En Oklahoma, en el corazón de los Estados Unidos, se ha vivido un episodio macabro que resume toda la sordidez que envuelve a la pena de muerte, todavía en vigor en la primera potencia de la tierra, que es además, y pese a algunos atavismos, una gran democracia. Como se ha publicado, un condenado a muerte, Clayton D. Lockett, acusado de un horrendo crimen en 1999 „disparó contra una joven y la enterró viva„, tardó 43 minutos en morir tras la inyección letal, y acabó falleciendo de un infarto. La razón de esta dramática incompetencia parece ser la no disponibilidad de los venenos adecuados, que la industria farmacéutica europea se niega a proporcionar a los norteamericanos para que no sean utilizados en ajusticiamientos.

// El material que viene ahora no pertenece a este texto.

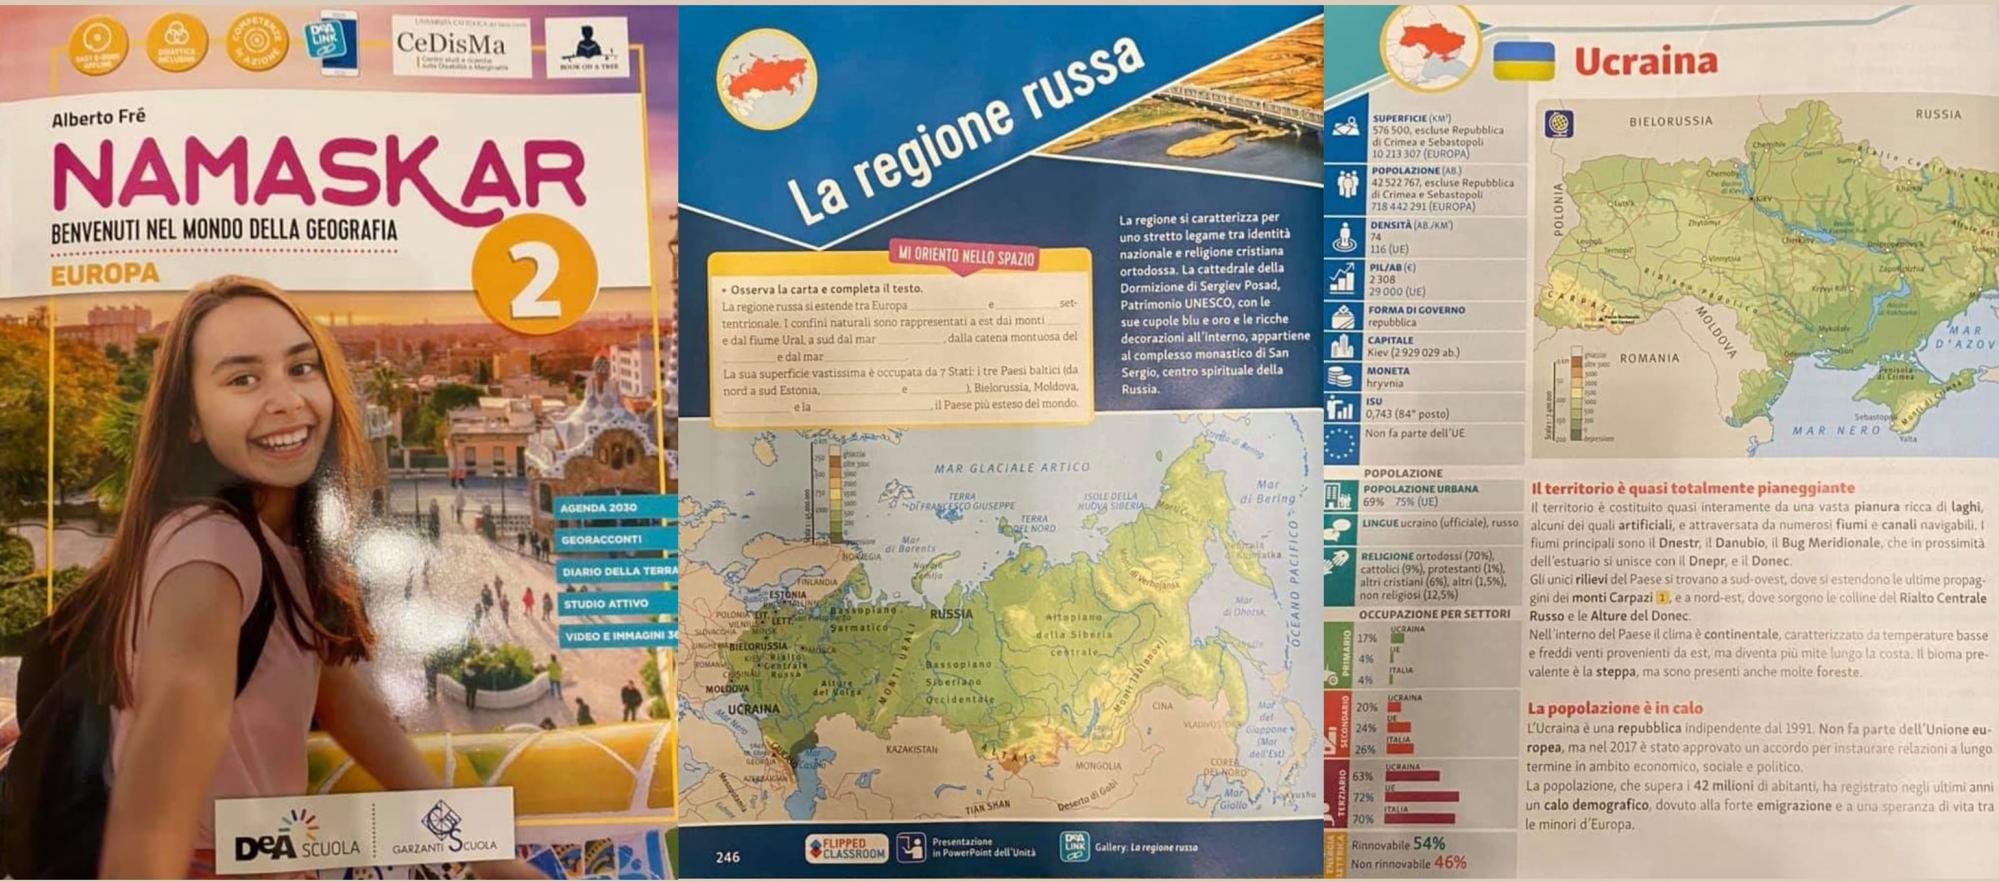 В итальянском учебнике по географии Украину причислили к регионам России: вспыхнул скандал

Como es natural, los enemigos de la pena de muerte, dentro y fuera de los Estados Unidos, que somos todos los ciudadanos decentes sin excepción, han / hemos utilizado este horrendo episodio para exigir el fin de una práctica que está en flagrante contradicción con los grandes valores democráticos. De momento, la única reacción de la gobernadora de Oklahoma ha sido suspender las siguientes ejecuciones y ordenar una revisión del método utilizado. Los demás países democráticos que han abolido sin excepción la pena de muerte „todos ellos salvo EE UU y Japón„ no deben cejar en su campaña contra esta iniquidad, impropia de la nación que alardea de sus libertades y ejerce un indudable liderazgo mundial.